NEWS

Our culture on the world stage

Arts and Life Editor, Brian Baker
Arts and Life Editor, Brian Baker

The next time you ride the TTC, look around.

How many people are escaping into whatever’s playing on their headphones?

Have you wondered what they’re listening to?

I’m one of those people who are curious as to what’s playing on their MP3 players — well, those who have their volume set to a modest level. I’m also one of those who imbibe in rhythms gently massaging the tympanic cavities.

There are two reasons why, while travelling alone, I partake in music listening: admittedly to avoid unwanted contact and, most important, because I love music.

Pop culture is all around us. Teenagers walk on the street sporting OBEY-emblazoned hats and T-shirts. Well, the man behind that clothing line is pro skateboarder-cum-graphic artist Shepard Fairey. He’s the artist who drew the 2008 Barack Obama campaign posters with the word “HOPE” written beneath his red, white and blue face.

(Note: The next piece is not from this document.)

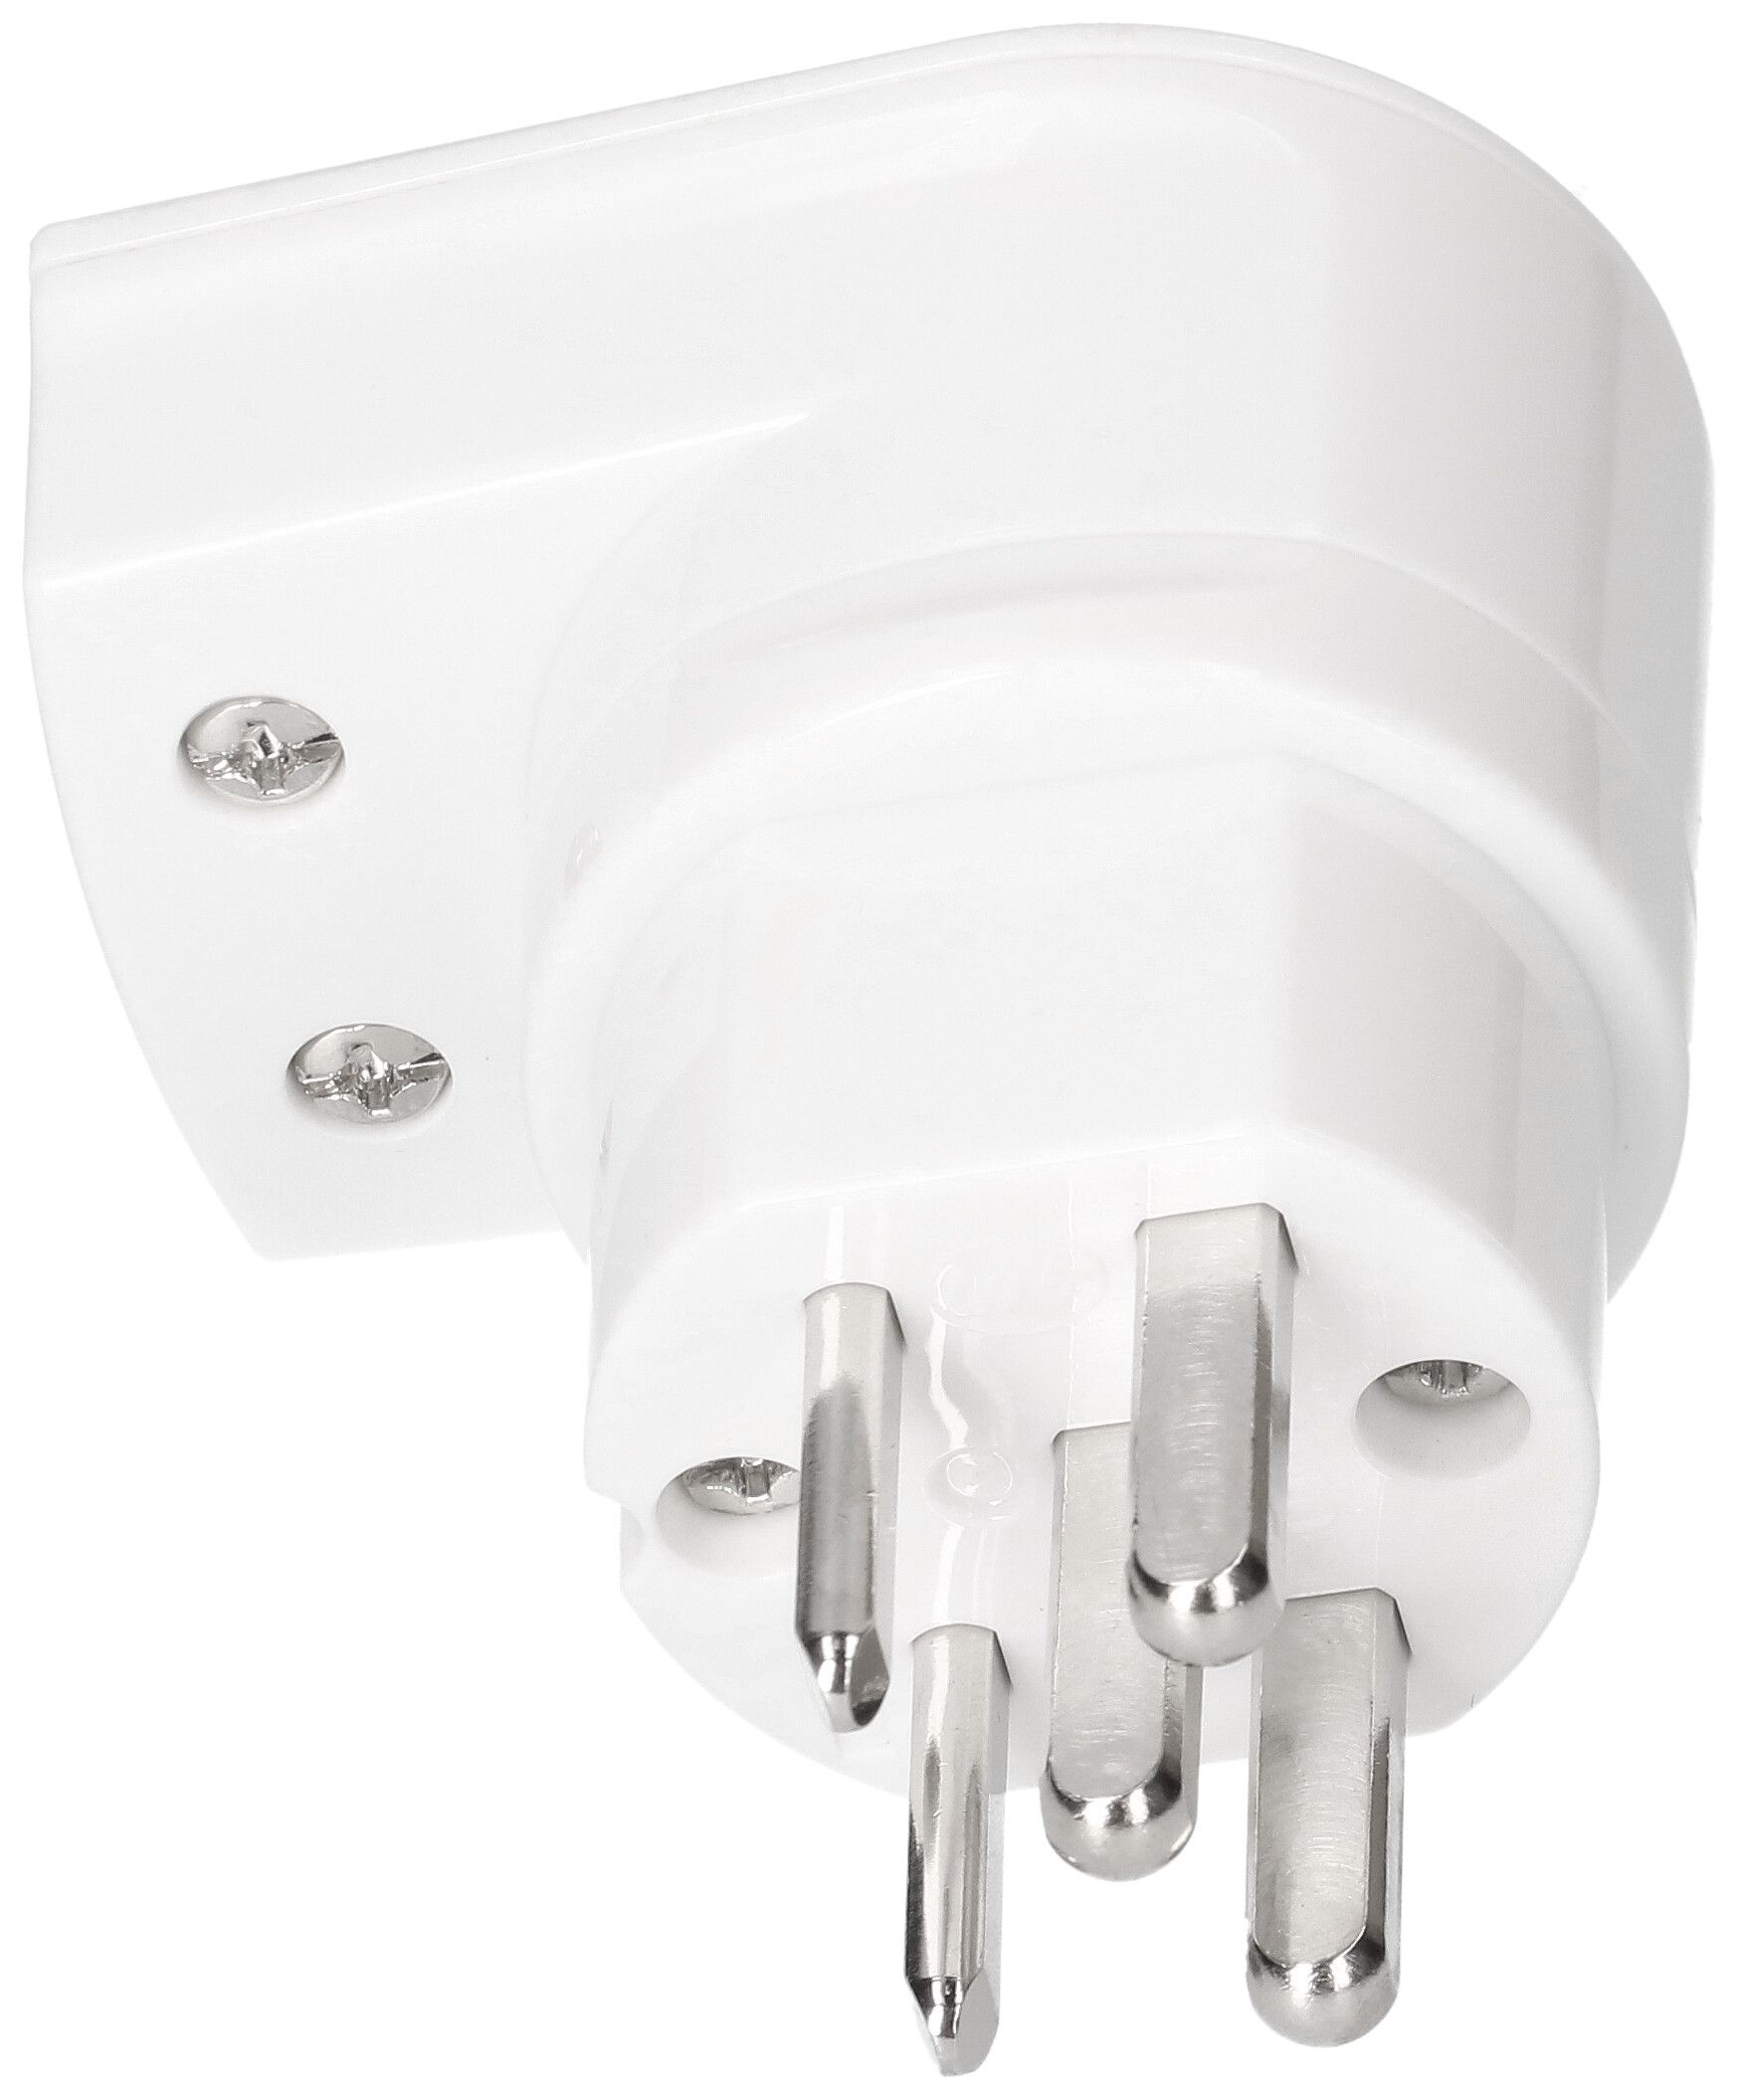 Plug TH type 25 5-pol angled white
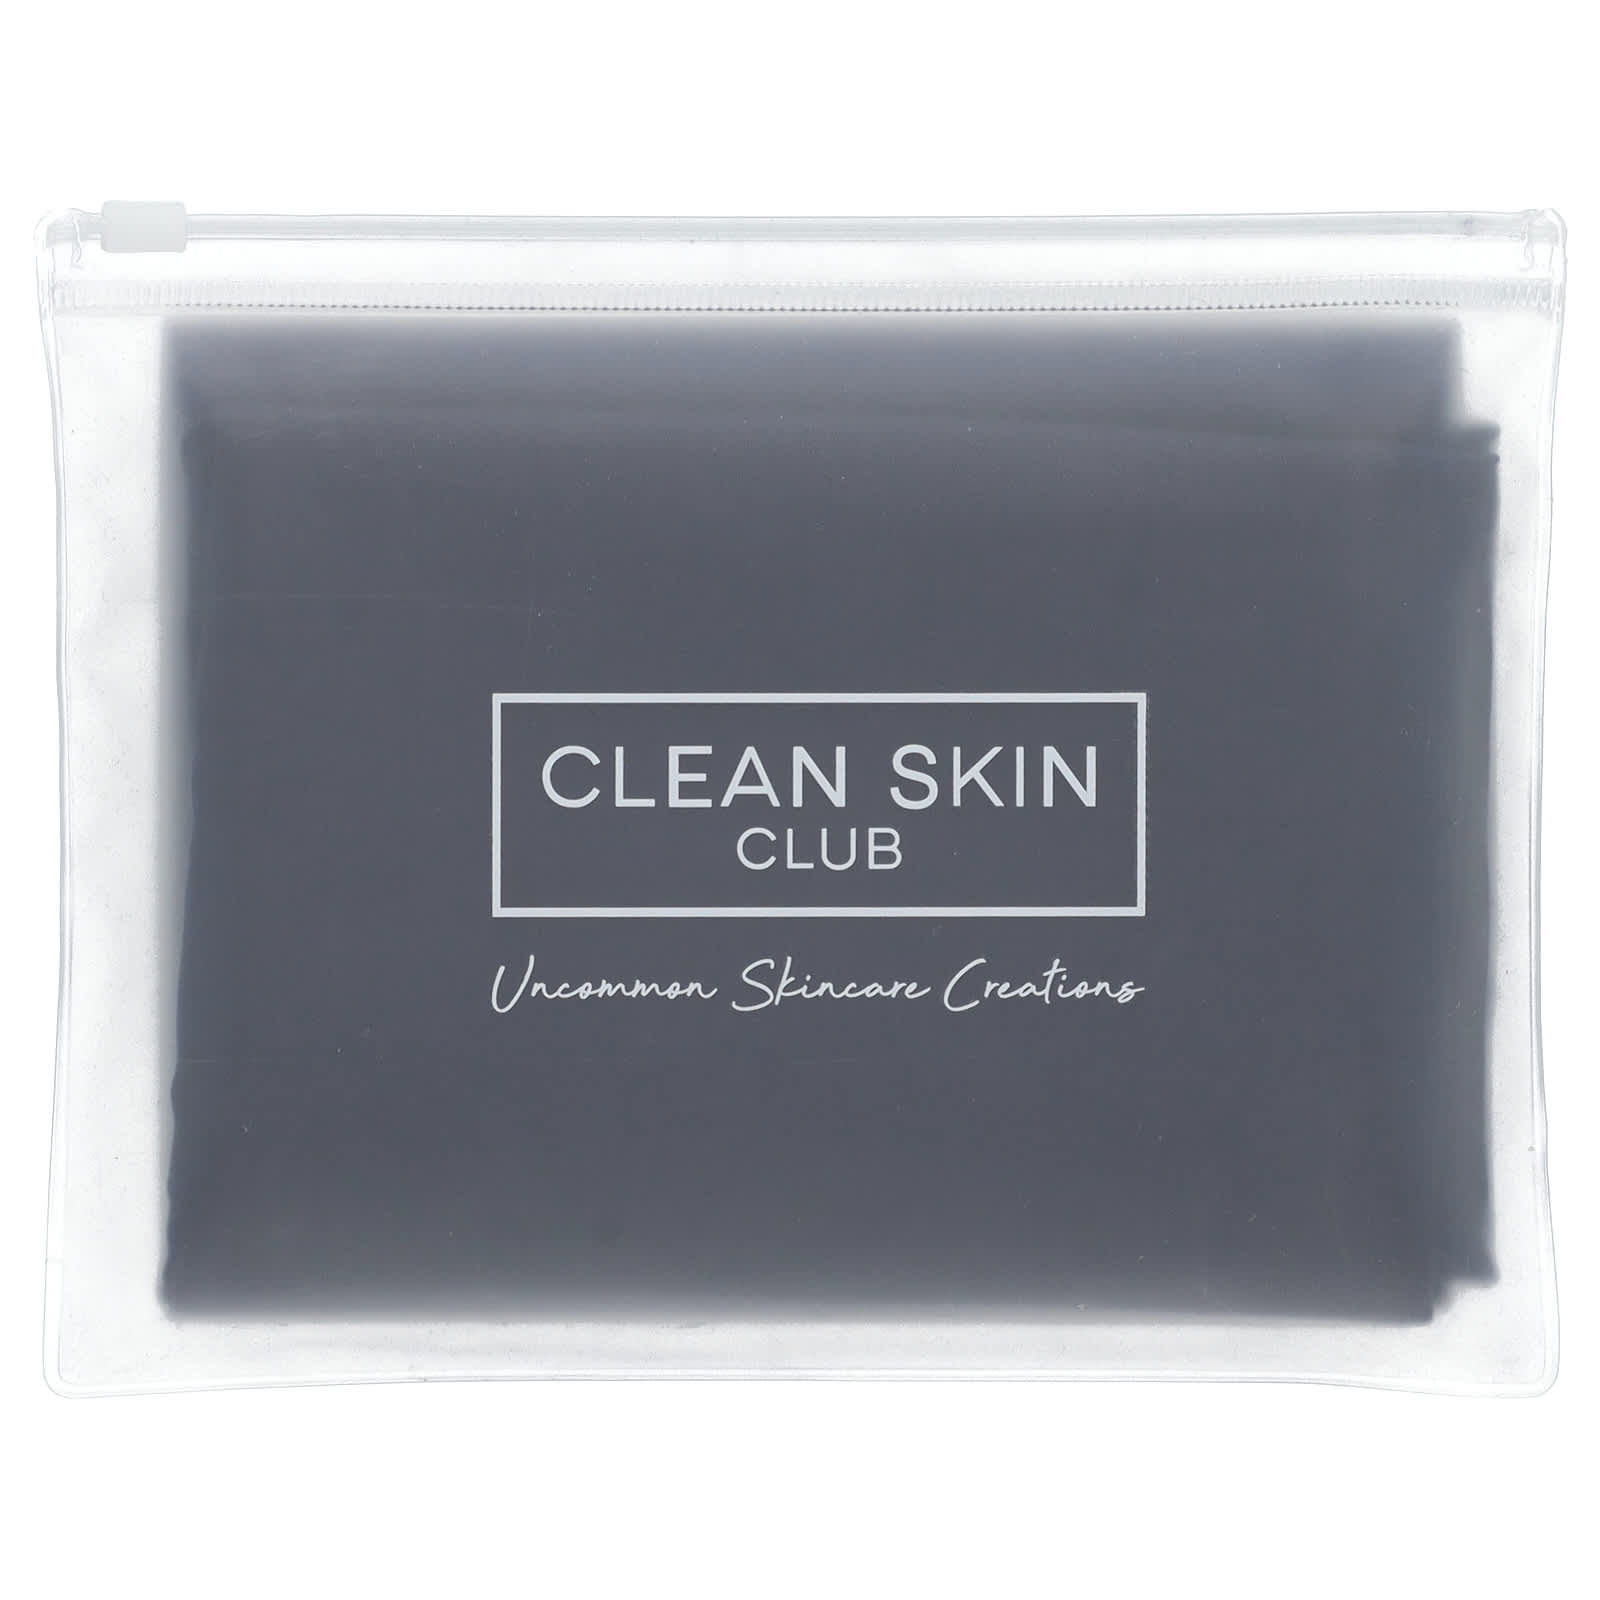 Clean Skin Club  Uncommon Skincare Creations

Almost six years ago, I did my first arts feature for the Town Crier. I sat down with Keith Hamilton, a Kensington Market denizen who organizes a music festival called Pitter Patter. He described the popularity of his fest as having a “blast radius”.

I like that imagery. It’s an excellent descriptive phrase for what pop culture is.

All pop culture starts at the local level. If it has the legs to walk out of town, it will probably take a tour of its home country, or perhaps travel across the pond.

Music is no stranger to this grassroots mindset.

A famous Toronto neighbourhood had its moment back in the late 1960s: Yorkville, where Neil Young, Joni Mitchell and Gordon Lightfoot left their pop culture footprint amidst the former home of bohemians who made Patchouli popular before the Parkdale hipsters did it in this decade.

What I want to do each month in this space is find midtown Toronto’s cultural relevance in the world. I want to uncover those hidden secrets that make this city special on the world stage.

My mission is to tell you why Rachel McAdams calls the Annex home. I want to share with you how living in North Toronto affected Malin Akerman’s acting career. I want to hunt down the comic book artist who draws The Flash for a living, and the video game designers who work for Ubisoft Toronto. I want to expose you to the capacious music scene and the intellectually stimulating lectures on horror that the Black Museum provides in East York.

Hogtown is larded up with pop culture.

My goal is to introduce you to that culture, that history, and how it applies to you. I also want to uncover our contributions to the world — and this is not something era-specific, either.

Several literary greats either call midtown Toronto home, or have resided here. Margaret Atwood is an obvious example, but Robertson Davies and Ernest Hemingway also lived here at different stages of their lives.

I find social anthropology fascinating. Pop culture is a big part of that, and we are exposed to it daily, either at the watercoolers, on the subway or at home.

We escape into it via an entertaining movie, a good book, a riveting stage performance, a captivating piece of art, or music emanating from ear buds.

And like a trip on the TTC, we’ve come full loop.